Врач меня не выдал. Я никогда на него не нападал. Даже в фантазиях. Моей ненависти не хватит на то, чтобы калечить этого седого старика. Не хватит злости, чтобы разбить его круглые очки, разорвать его халат, покорежить его ледяной стетоскоп. Доктор Верхаг ни разу ничего плохого мне не сделал. Когда он называет меня Злыднем, слышать это почти приятно. Хотя ему и приходится сообщать о попытках самоубийства и выдавать симулянтов, между нами не будет крови.

Я провел два дня в настоящей постели. Не в деревянном крольчатнике с решеткой, а в чистой комнатке за задернутой занавеской. В первый вечер ко мне пришел доктор, а на следующее утро – медсестра. Она не позволила Шотану меня забрать. Тот хотел, чтобы я сегодня же отправился на ферму Брюте сгребать сено вместе с остальными. Рыжая показала ему предписание доктора – покой, бульон, пить много воды. И две ночи в лазарете. Для Шотана это была плохая новость. Я лежал, натянув простыню до носа и вцепившись в нее обеими руками. Полотняный щит, пахнущий чистотой и хлоркой. Шотан снял фуражку. Он всегда обнажал голову в присутствии людей более важных, чем он сам, – директора, врача, тюремного священника, главного старшины, учителя, начальников цехов. На него производили впечатление звания и белые халаты, даже форма медсестры. Для него, когда-то сына полка, после окопов Вердена ставшего надзирателем в колонии, белый халат был мундиром носителя знания. Шотан мог завидовать и даже ругаться, но благоговел перед человеком в белом халате.

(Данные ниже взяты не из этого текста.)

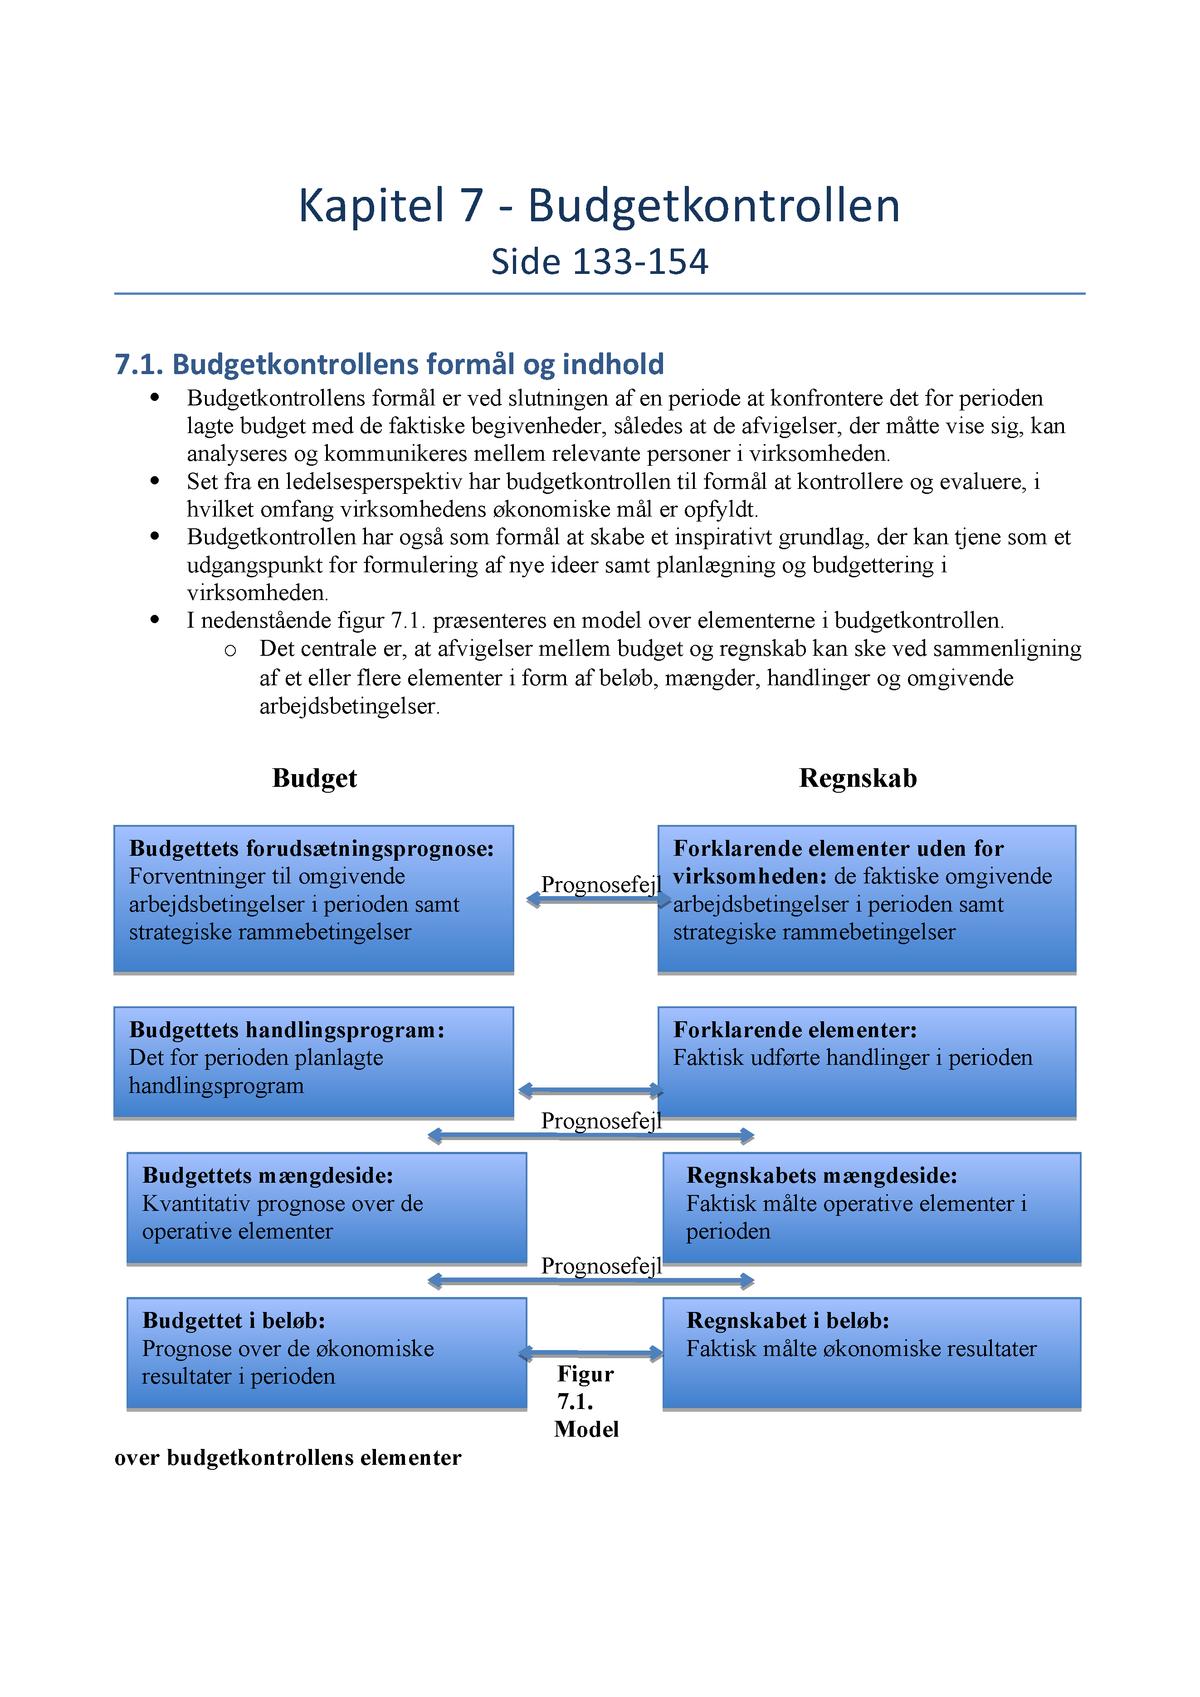 a5f03f25d34 Kapitel 7 - Budgetkontrollen - Økonomistyring - StuDocu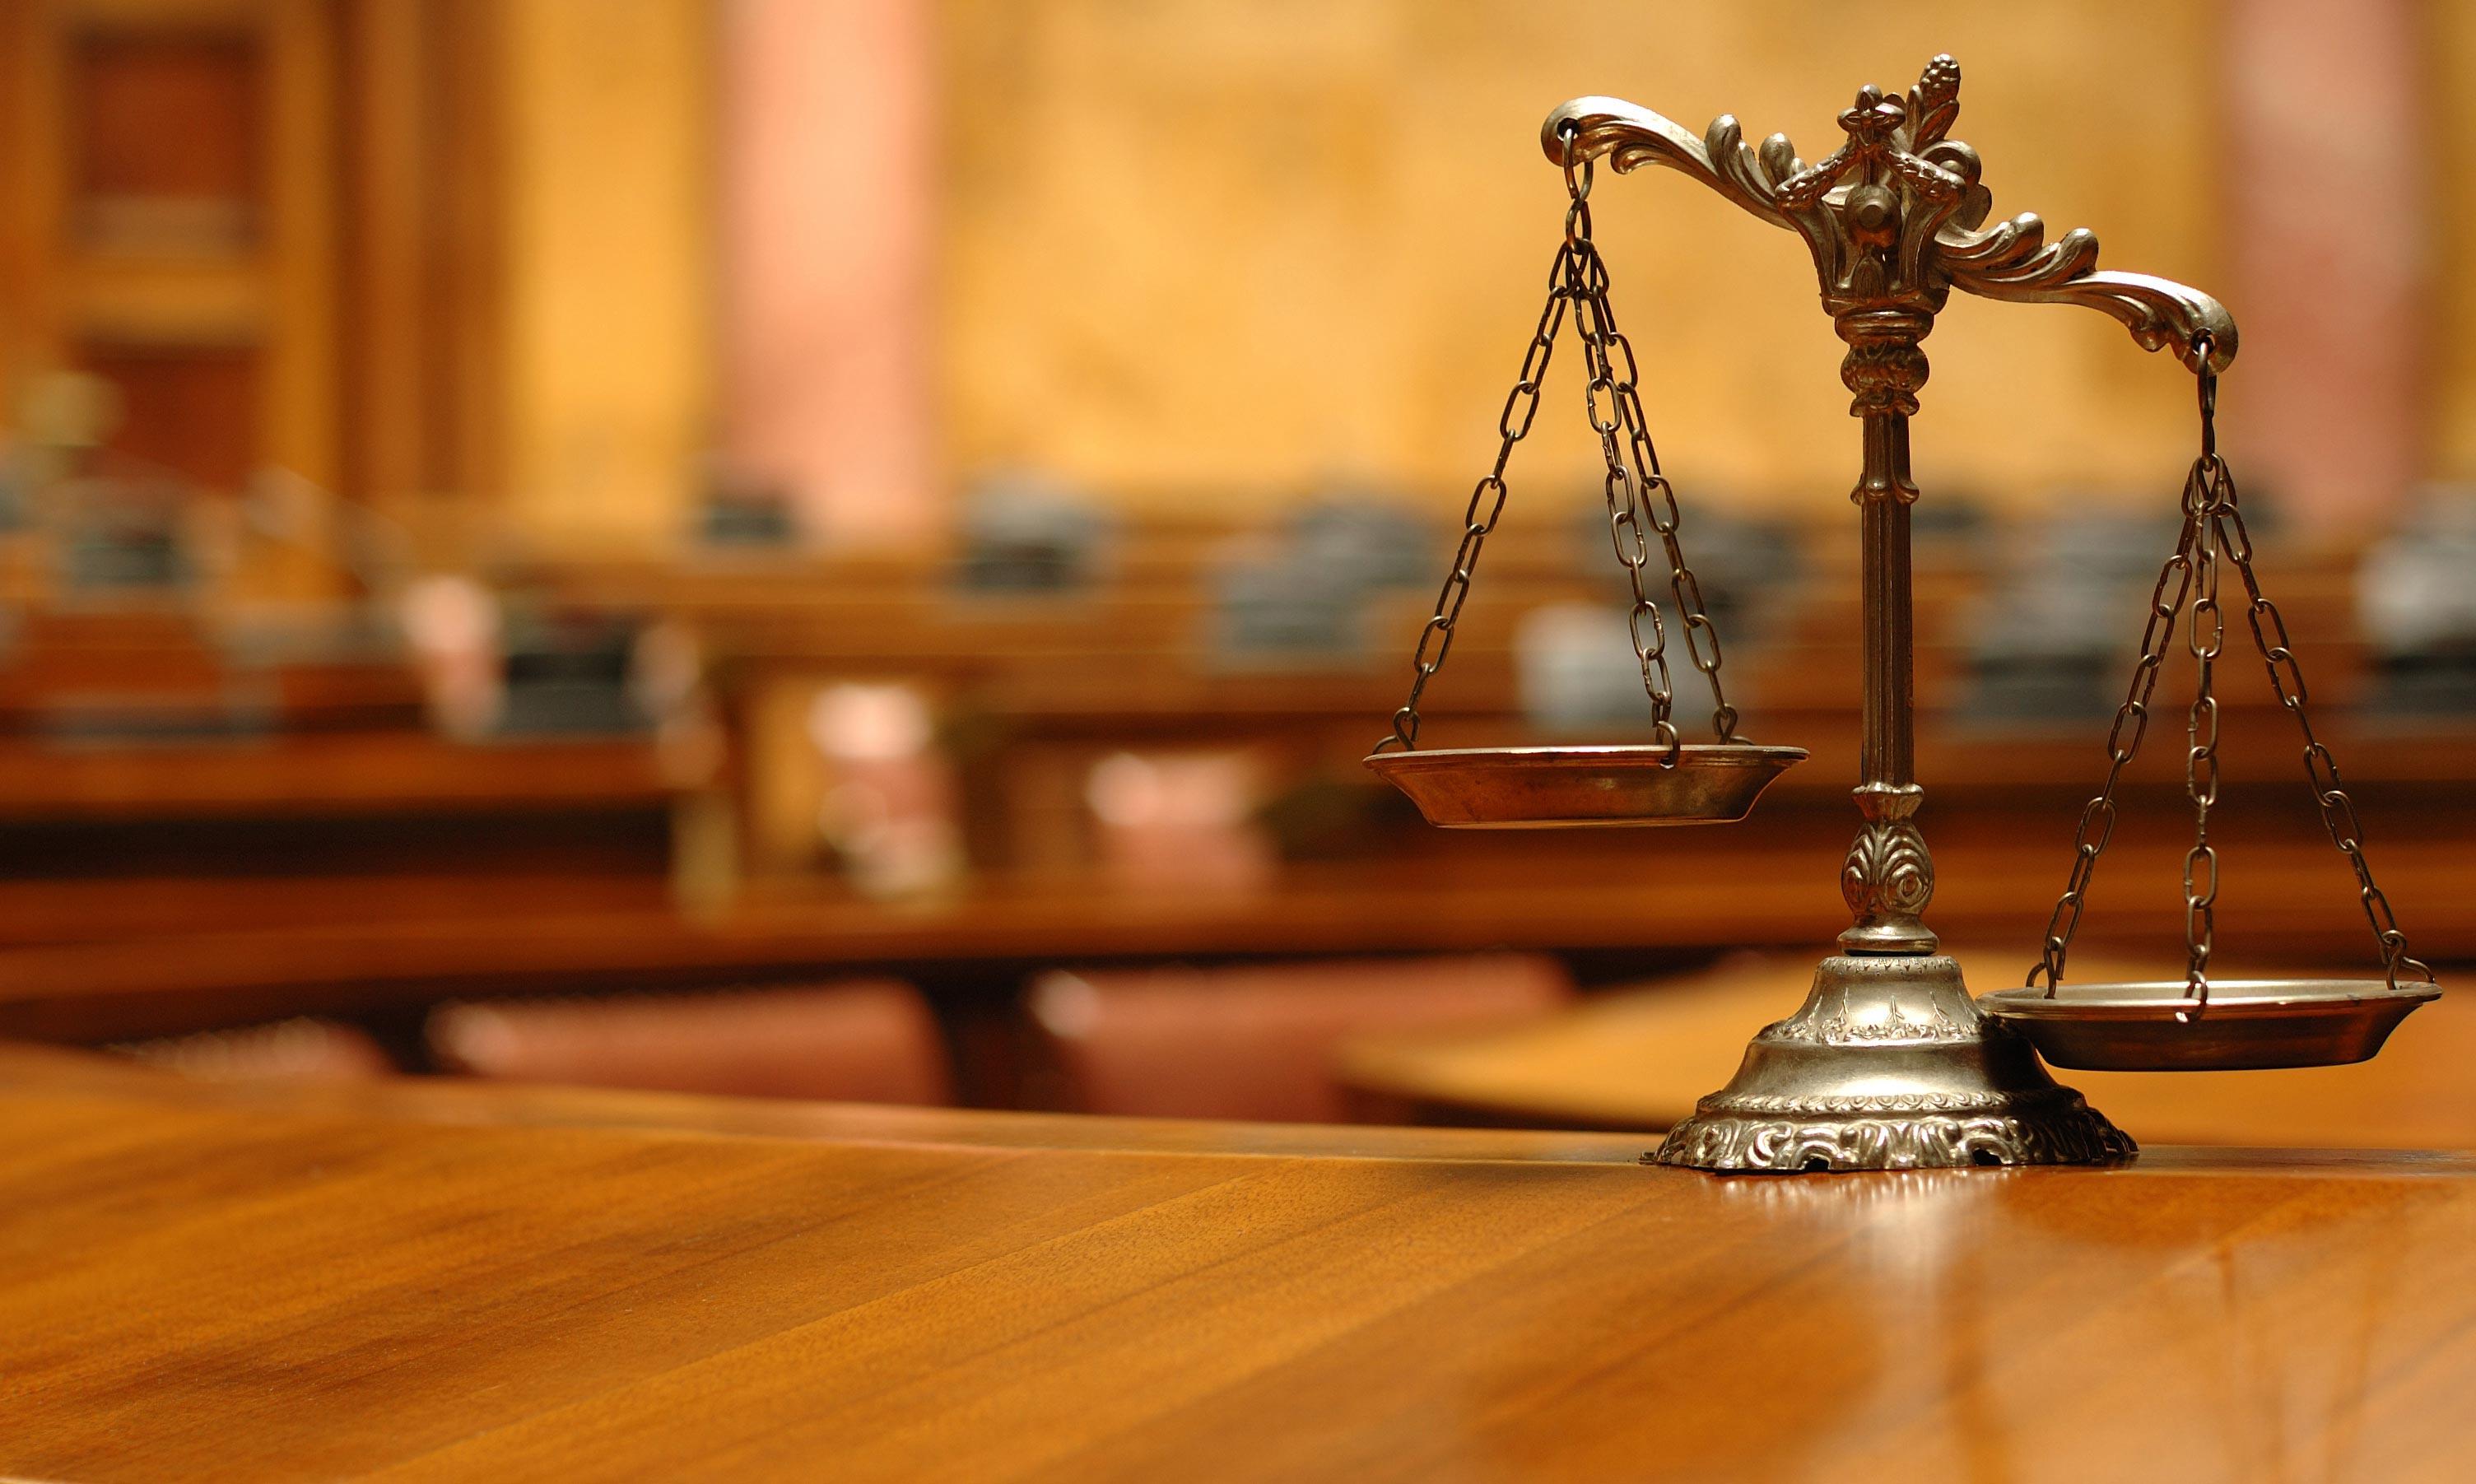 وکیل متخصص کرمان - مشاوره حقوقی کرمان - وکیل بندرعباس

Он дважды, наморщив лоб, перечитал врачебные предписания. Пытался разгадать зашифрованное сообщение. Поджал губы. Бумага его не убедила.

– Пищевое отравление чем?

Он говорил не со мной.

Медсестра развела руками:

– Поди знай. Может, в столовой что съел?

Шотан улыбнулся:

– Ну конечно, и заболел только он один.

Рыжая положила руку мне на лоб.

– Может, Бонно более нежный, чем другие?

Шотан расхохотался:

– Это Злыдень-то нежный?

Она не ответила. Не снимая руки с моего лба, прошептала мне:

– Температура у тебя спала.

Охранник снова надел фуражку. Открыл дверь.

– А я говорю, этот прохвост нарочно отравился, чтобы его не отправили в Брюте.

Медсестра обожгла его взглядом. Шотан снова ухмыльнулся.

– Мадам, он глаза бы вам выцарапал, если бы мог. – Он глянул на меня. – Вы слишком балуете этих бешеных.

И вышел за дверь. В коридоре откашлялся и потопал прочь.

Я стянул с лица простыню. Медсестра как-то странно на меня смотрела.

– Бонно, ты выцарапал бы мне глаза?

– С наслаждением, – ответил я.

Это вылетело само собой. Врезал, не удержавшись. Дал хамский отпор. Я уважал доктора и ее тоже уважал. Но Бонно не мог предать Злыдня. Я не имел права на чувства. Чувства – это океан. Расчувствуешься и потонешь. Надо быть кремнем, чтобы выжить здесь. Ни единой жалобы, ни слезинки, ни криков и ни малейших сожалений. Даже когда тебе страшно, даже когда холодно и голодно, даже на пороге ночи в карцере, когда темнота рисует в углу воспоминание о матери. Оставаться стойким и резким, не склонять головы. Не разжимать кулаков. Ну и пусть бьют, наказывают, оскорбляют. Не опускать взгляда, сбежать и победоносно топтать чужую кровь – мою красную ковровую дорожку. Волк мне всегда ближе, чем ягненок.

Рыжая улыбнулась:

– Я тебе не верю, мальчик мой.

Налила воды в стоявший на тумбочке стакан.

– Особенно тому, что это доставило бы тебе наслаждение.

И вышла из комнаты.

* * *

От уборки сена я не отвертелся, всего лишь оттянул это удовольствие на два дня. Ле Гофф явился за мной в лазарет и под конвоем провел через сад к часовне. Я был его военным трофеем. Наручники он на меня не надел, но единственной своей рукой стискивал запястья, заведя мои руки за спину. Вторую руку ему оторвала французская граната в октябре 1916-го, во время битвы за Дуомон. Вместе с глазом и куском щеки. Его друга, уже выдернувшего чеку, скосила немецкая пуля, он упал, выпустив из рук гранату. Ле Гофф попытался выкинуть ее из окопа, но не успел. Шестнадцать лет спустя этот герой конвоировал меня с таким видом, будто он взял в плен кайзера Вильгельма и ведет его к Клемансо.